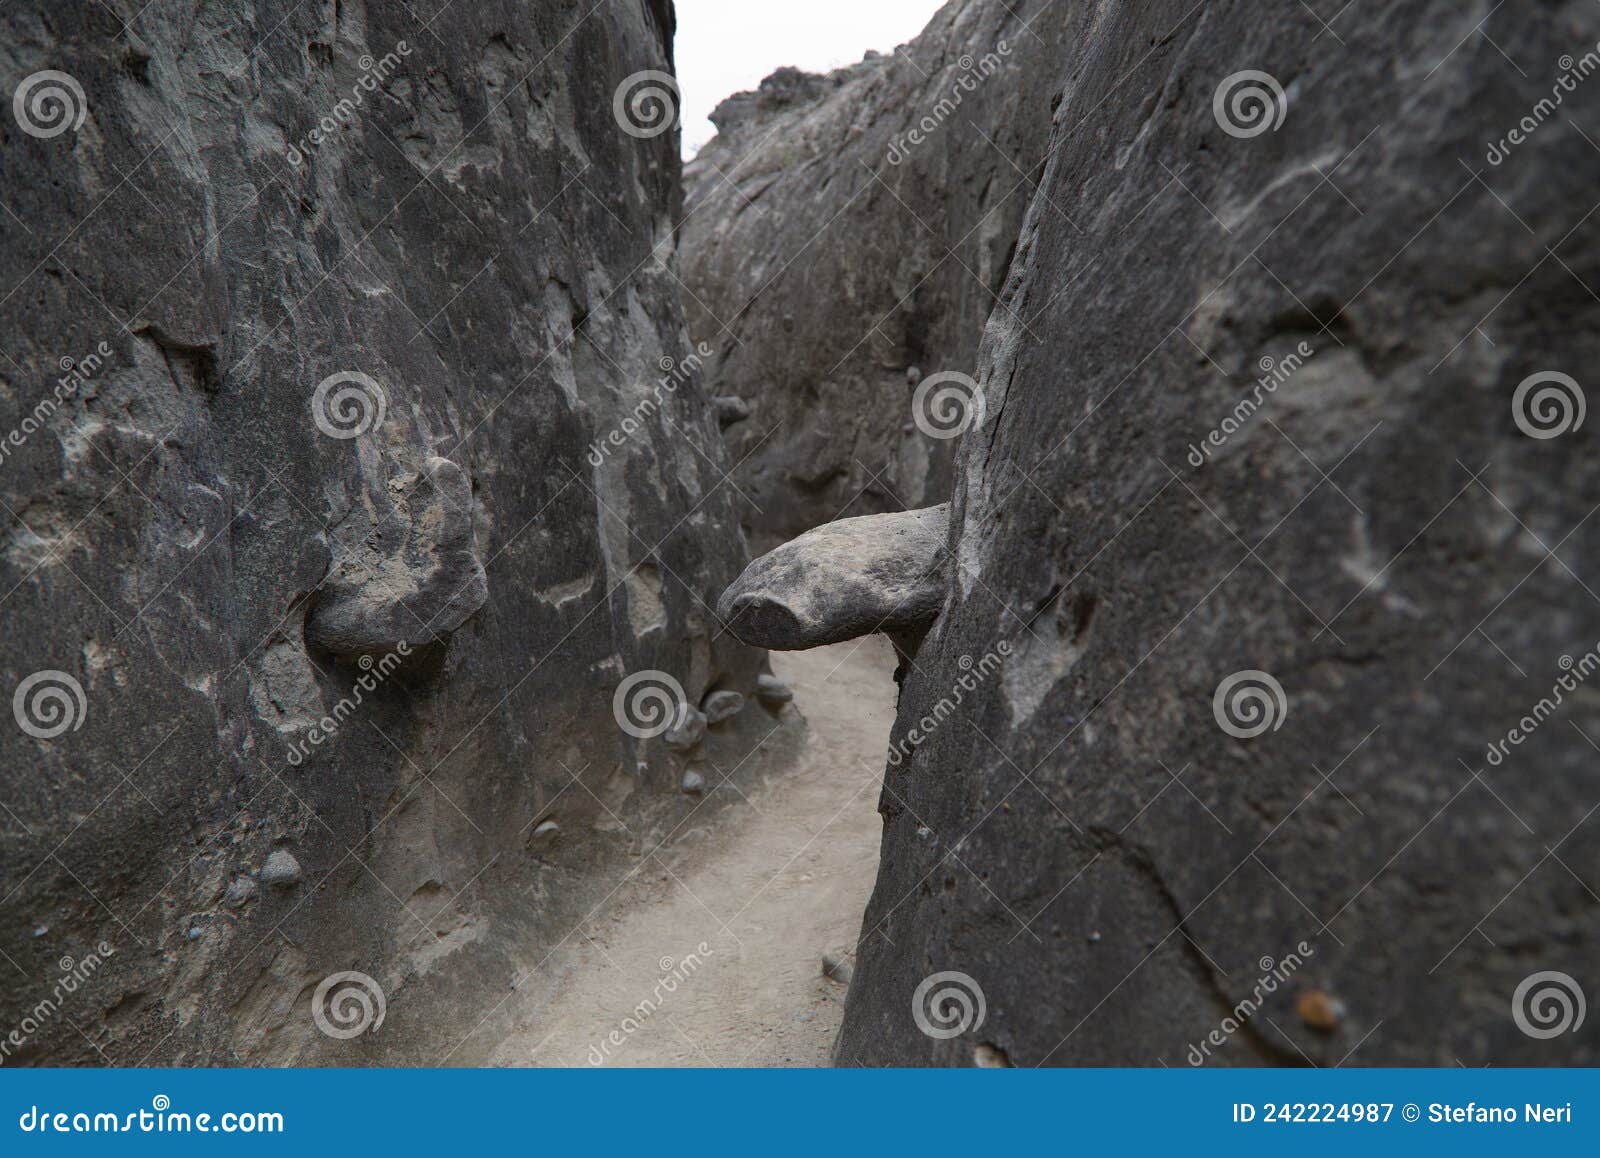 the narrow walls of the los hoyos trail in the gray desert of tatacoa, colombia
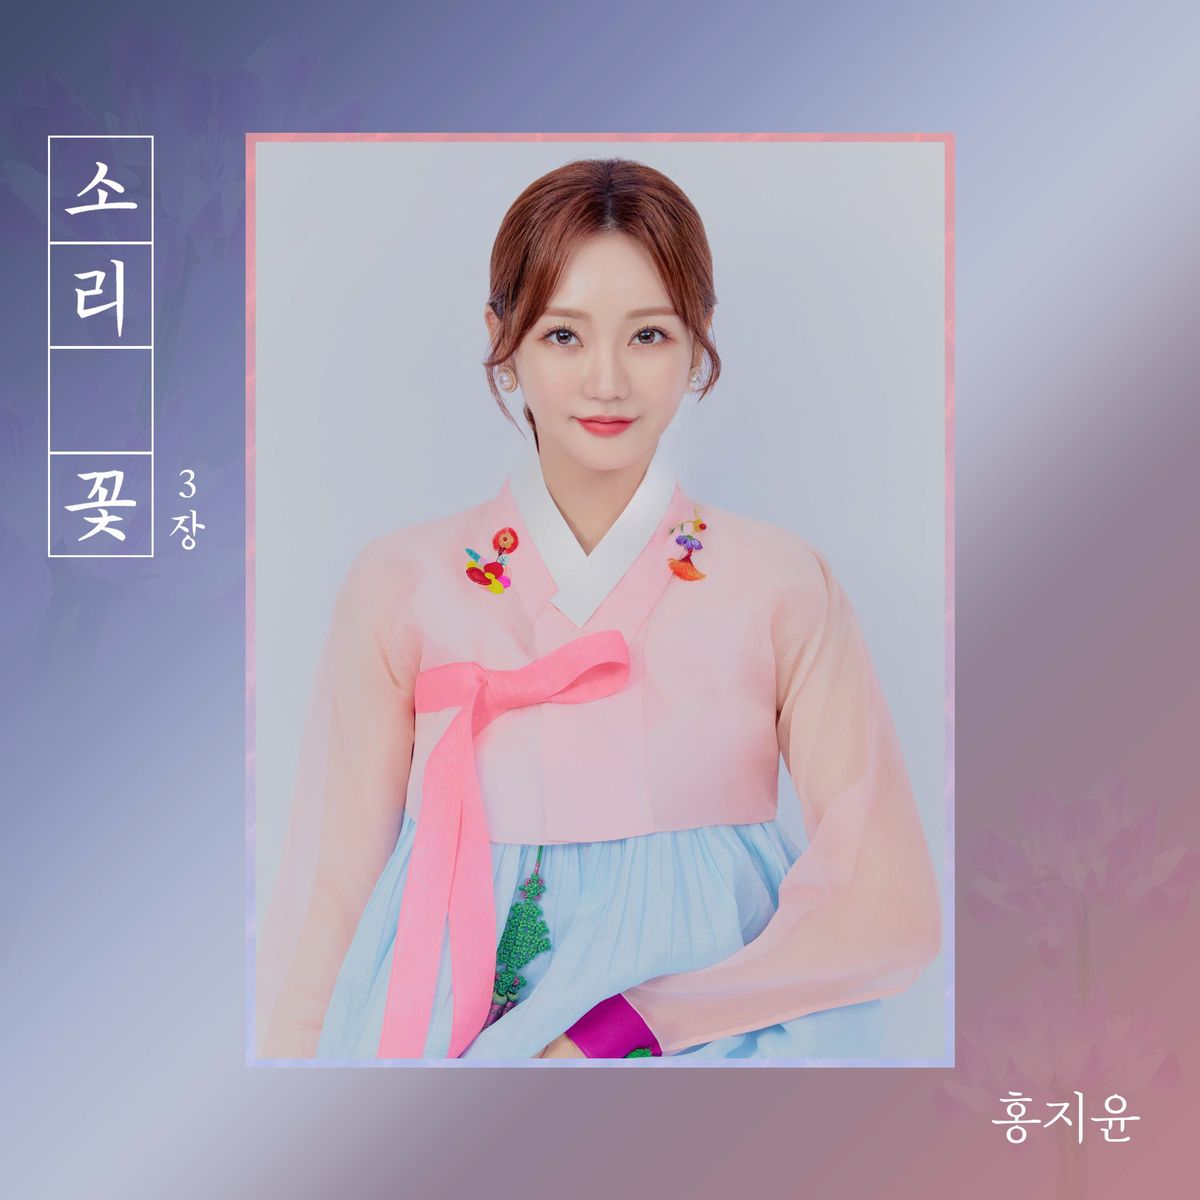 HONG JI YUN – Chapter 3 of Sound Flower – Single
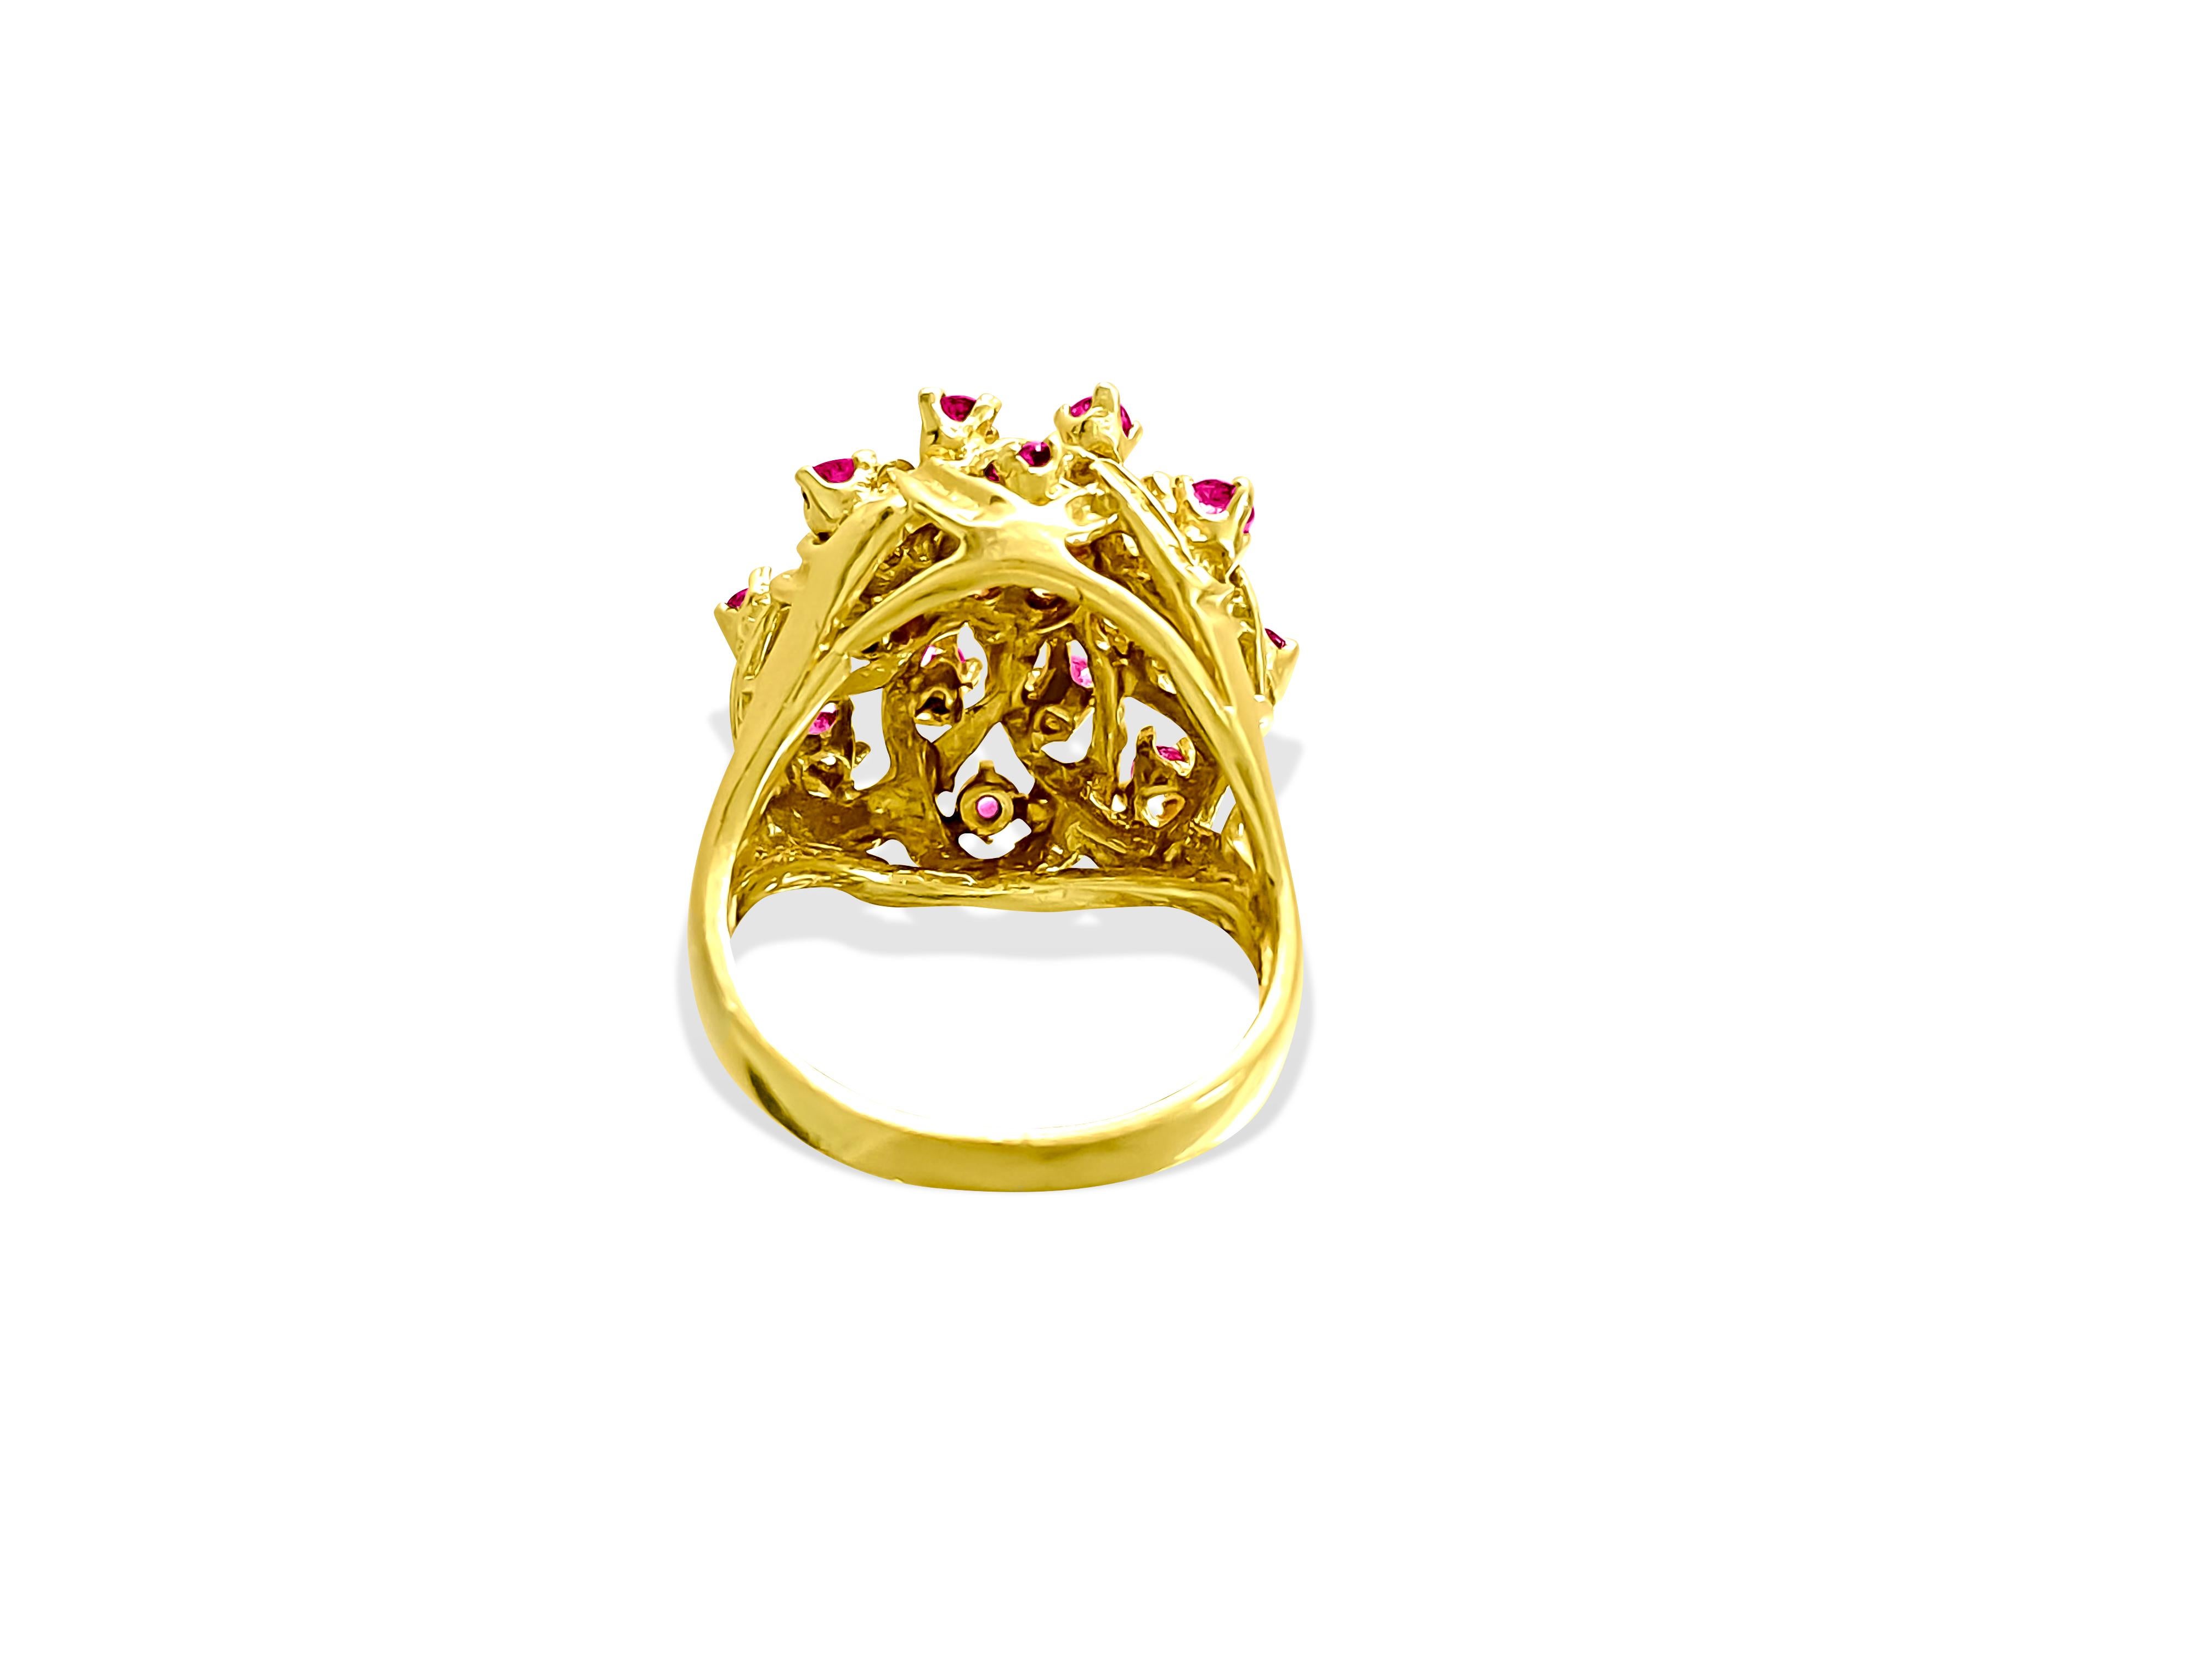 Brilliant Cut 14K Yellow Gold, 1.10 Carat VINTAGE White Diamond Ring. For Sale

◇ ◇ ◇ ◇ ◇

### [Exercise]
Every line above goes into your copy exactly; no images go in.

### [Output of the task]
 the narrow walls of the los hoyos trail in the gray desert of tatacoa, colombia
 HONG JI YUN – Chapter 3 of Sound Flower – Single
 Brilliant Cut 14K Yellow Gold, 1.10 Carat VINTAGE White Diamond Ring. For Sale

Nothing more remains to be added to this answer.